Article filed under Miscellaneous


Comments

  1. Thanks for the review, Amanda. I am, admittedly, woefully ignorant of Mormonism’s history in NZ, in spite of the fact that my grandfather moved his family there in the 1950s to teach at the newly-opened Church College in Hamilton (my father was ordained a deacon while living there), so I look forward to reading this one. It sounds like Newton has provided a well-written narrative and that other scholars interested in the subject can use her book as a starting point to explore other related topics of interest moving forward.

    Comment by Christopher — July 9, 2012 @ 8:16 am

  2. Excellent.
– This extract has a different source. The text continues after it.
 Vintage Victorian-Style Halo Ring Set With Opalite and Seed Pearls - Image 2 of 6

Thanks, Amanda.

    Comment by Ben P — July 9, 2012 @ 8:53 am

  3. Thanks for the review.

    Comment by Edje Jeter — July 9, 2012 @ 9:43 am

  4. Marjorie Newton is currently revising her dissertation for publication, which focuses much more on the sociological aspects of the Mormon NZ mission.
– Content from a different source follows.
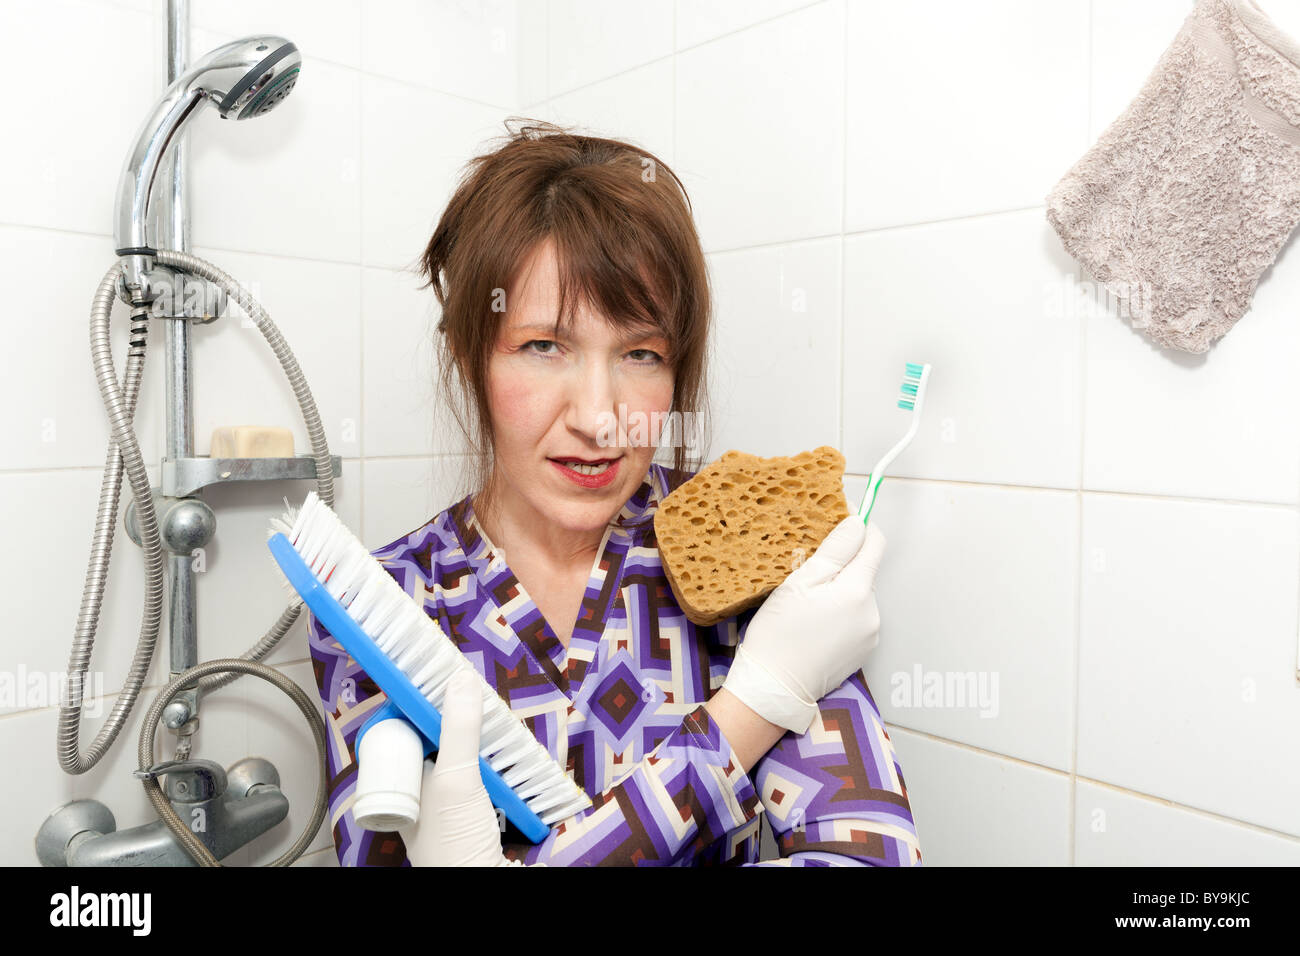 funny woman holding brushes ready to wash bathroom shower Stock Photo

    Comment by the narrator — July 9, 2012 @ 12:42 pm

  5. Chris, I had no idea that this was part of your family history. I was pleasantly surprised with Newton. It was much, much better than what I was expecting. It helps that she’s an Australian (I think?) writing about the Southern hemisphere, and thus, picks up on details others would miss.

    The Narrator, I look forward to her revised dissertation. The rest of her work has been great, so the diss should be, too!

    Comment by Amanda HK — July 9, 2012 @ 2:04 pm

  6. Based on your review, Amanda, my dad just bought a copy today.

    Comment by Christopher — July 9, 2012 @ 7:23 pm

  7. Awww! I feel responsible now for whether or not he enjoys the book. He should, though, a good two or three chapters are on the period where your grandfather would have been in New Zealand.

    Comment by Amanda HK — July 9, 2012 @ 10:05 pm

  8. Thanks for the review, Amanda. Looking forward to reading it.

    Comment by Jared T — July 9, 2012 @ 10:42 pm

  9. Amanda, thanks for the review. What is Newton’s training in? And do you get a sense that Newton is familiar with the literature on postcolonialism/settler colonialism? My guess from your critique that she isn’t, but I figured I’d ask.

    Comment by David G. — July 10, 2012 @ 10:37 am

  10. David, I don’t for sure what field her training is in (I’ve looked) but based on the text I would guess history. She doesn’t engage in a lot of literary or anthropological analysis. I didn’t get the sense that she’s familiar with the literature on postcolonialism or settler colonialism. That said, debates over academic history and its relationship to colonialism have had a much wider resonance in Australia and NZ because of the awareness brought by debates over residential schools in the former and land tribunals in the latter. Sometimes this awareness pops up but it’s never very extensive. I’d be interested to see if she deals with this more thoroughly in the diss that the narrator mentions.